- [About this task]:
Retype the data that follows line by line, exactly, and leave its pictures out.
=== Data block ===
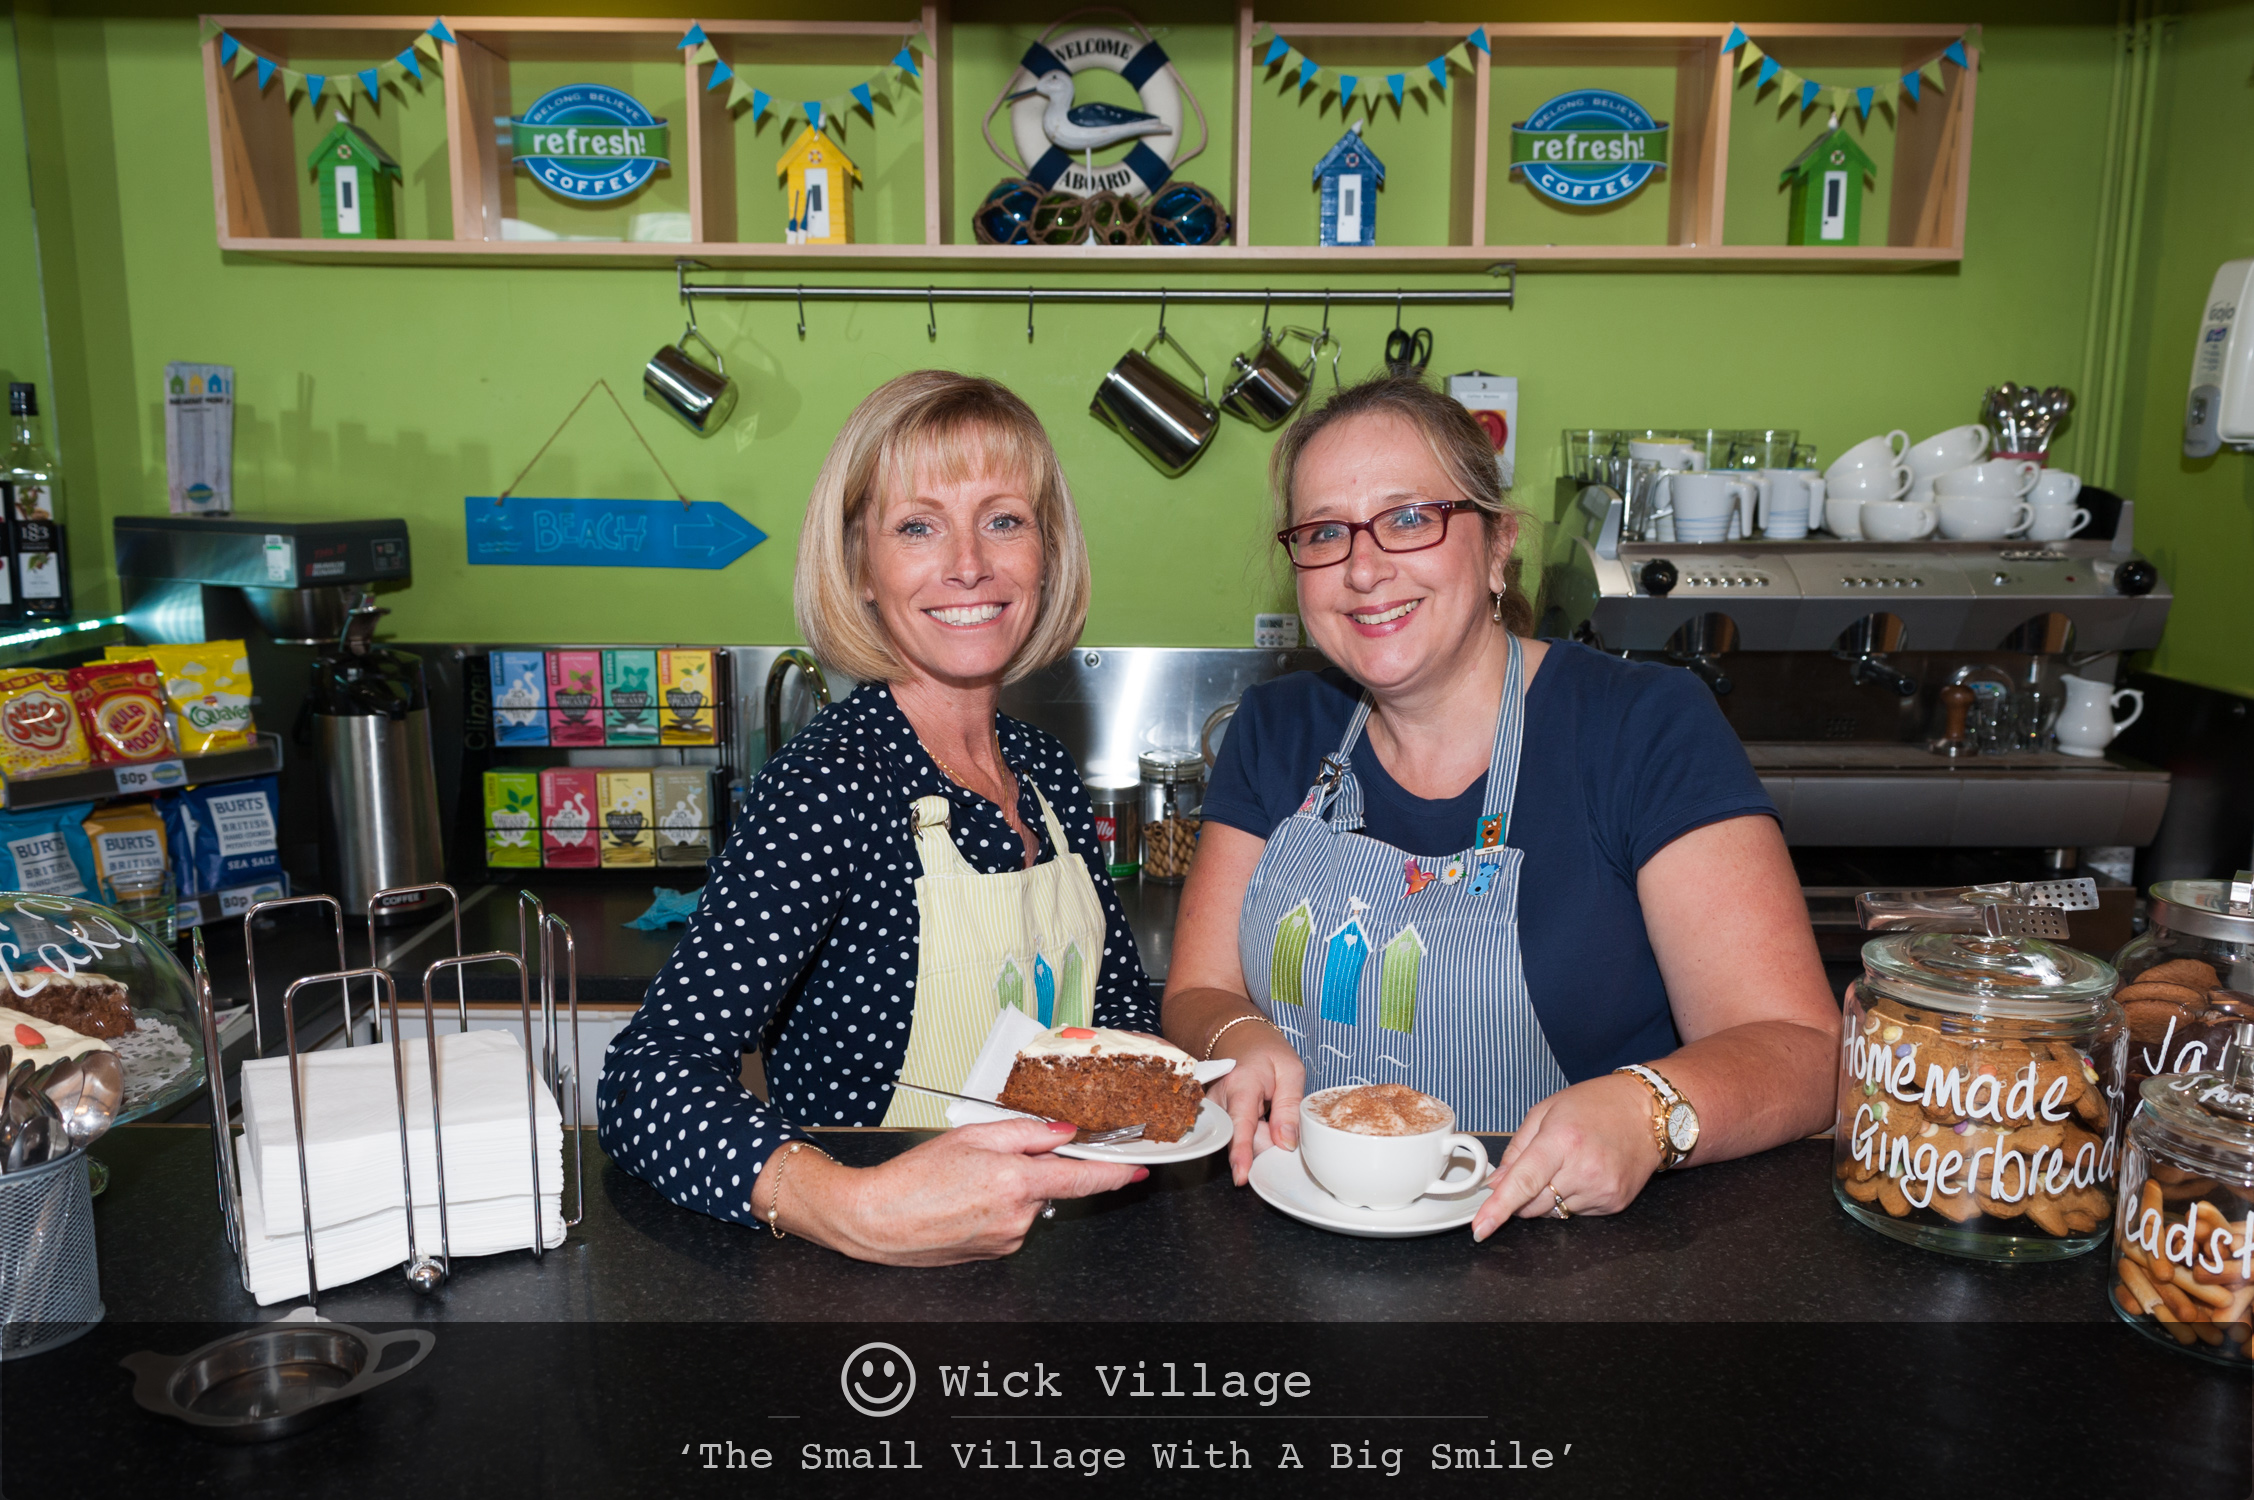 Refresh Coffee Shop at the Wickbourne Centre in Wick Village, Littlehampton.
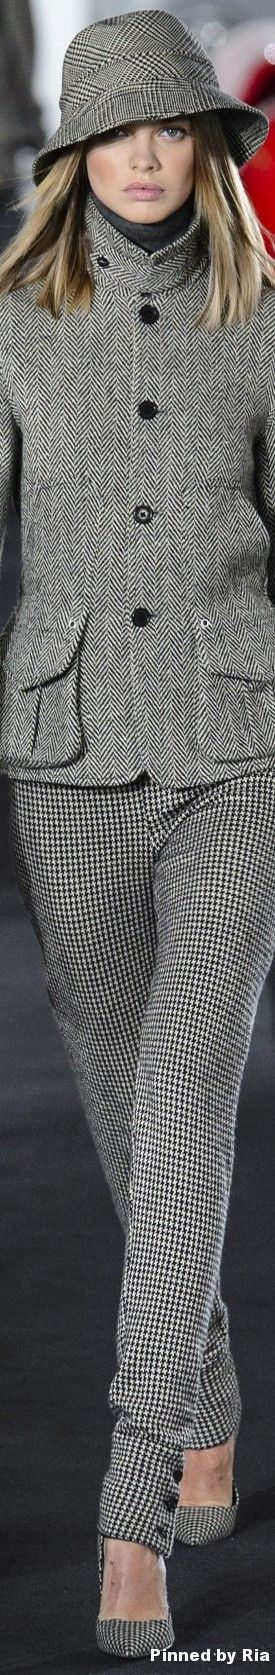 Ralph Lauren Fall 2017 Ready To Wear
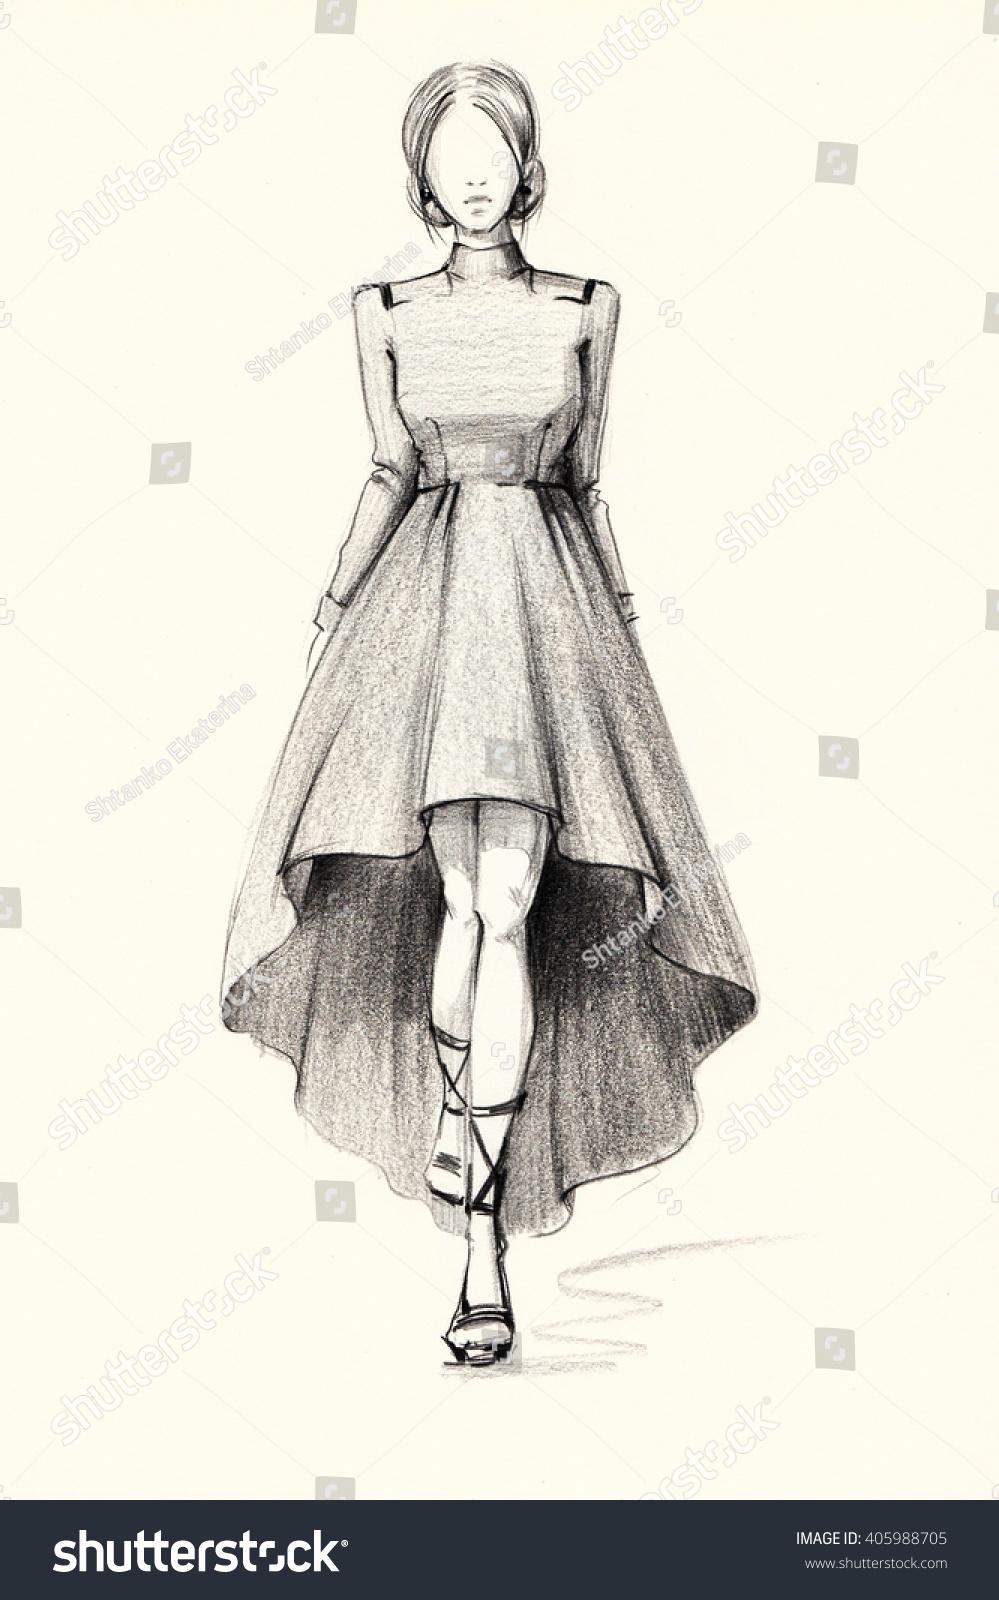 Fashion illustration of a stylish image sketch dress pencil drawing graphic arts
===
- [Solution to this task]:
 Refresh Coffee Shop at the Wickbourne Centre in Wick Village, Littlehampton.
 Ralph Lauren Fall 2017 Ready To Wear
 Fashion illustration of a stylish image sketch dress pencil drawing graphic arts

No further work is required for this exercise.